Listed records:

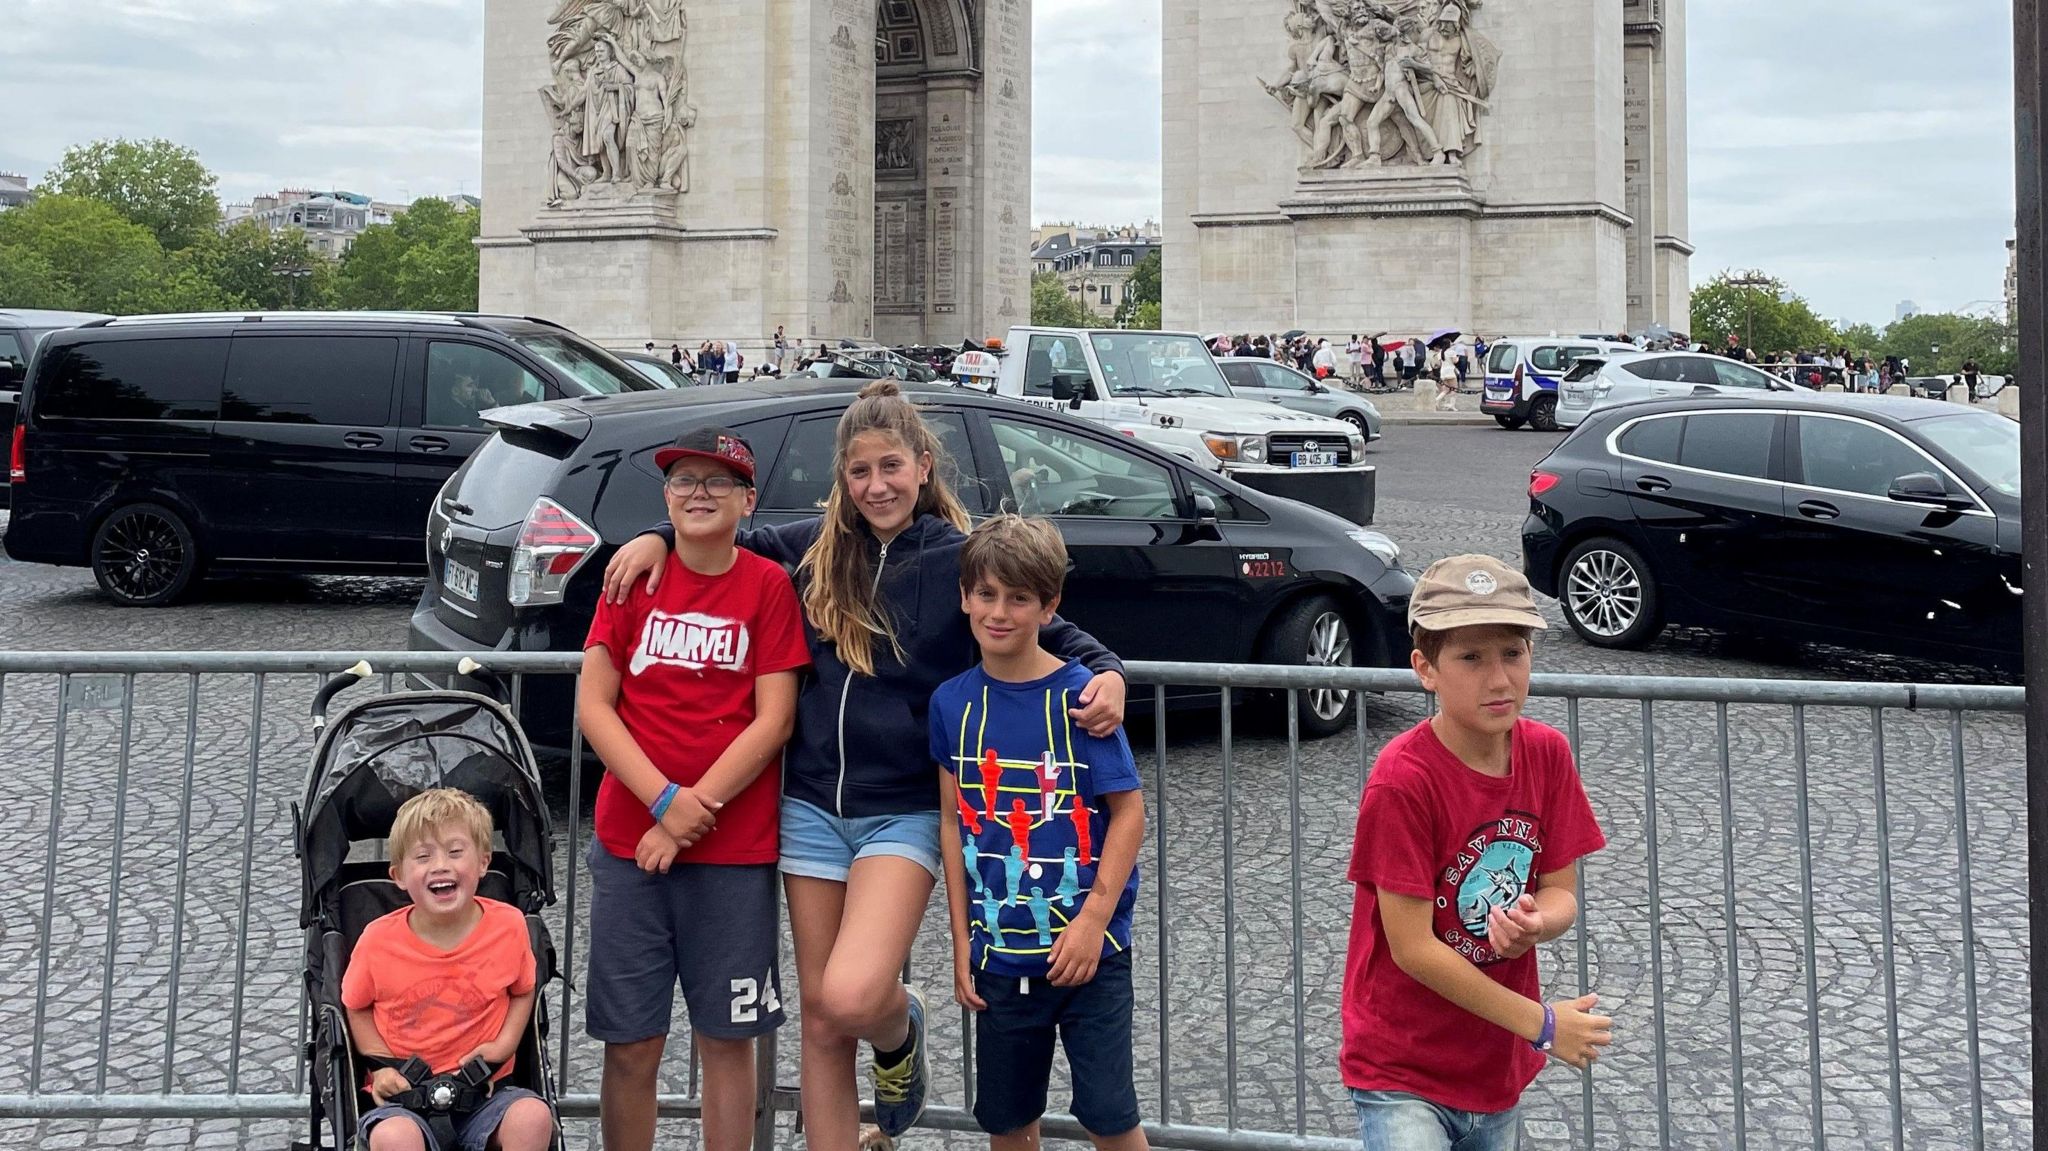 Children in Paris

...

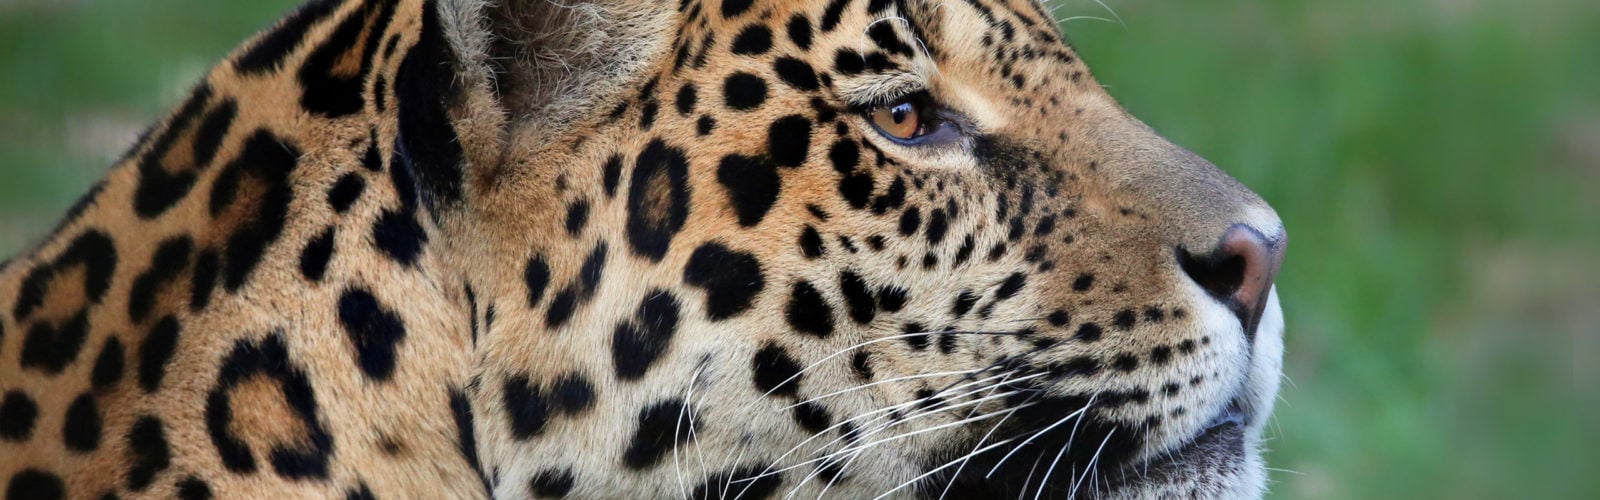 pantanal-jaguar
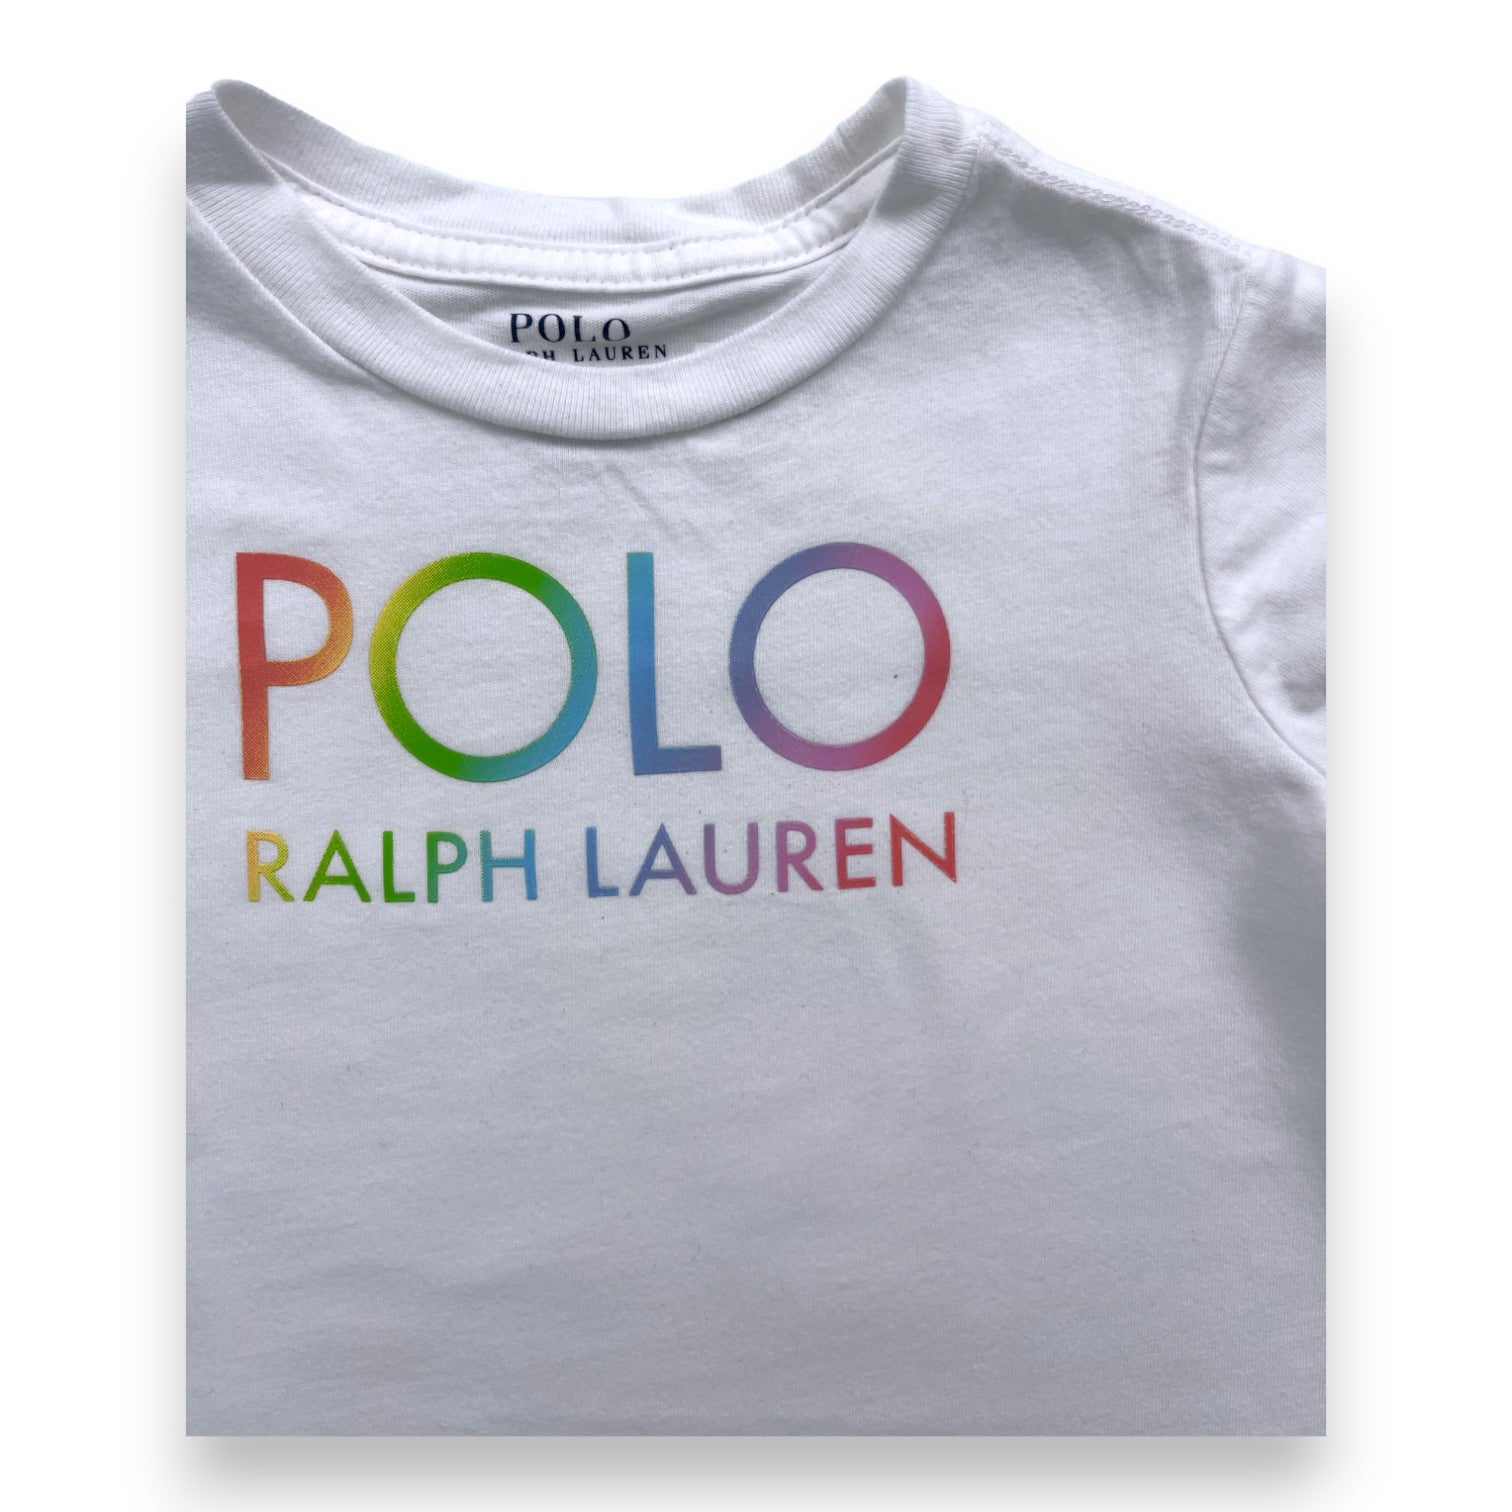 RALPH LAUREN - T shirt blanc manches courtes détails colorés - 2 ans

Exercise goal: The reply should hold exactly the lines above, starting at the line with "pantanal-jaguar" and ending at the line with "RALPH LAUREN - T", and no pictures.

Solution for this problem:
 pantanal-jaguar
 RALPH LAUREN - T shirt blanc manches courtes détails colorés - 2 ans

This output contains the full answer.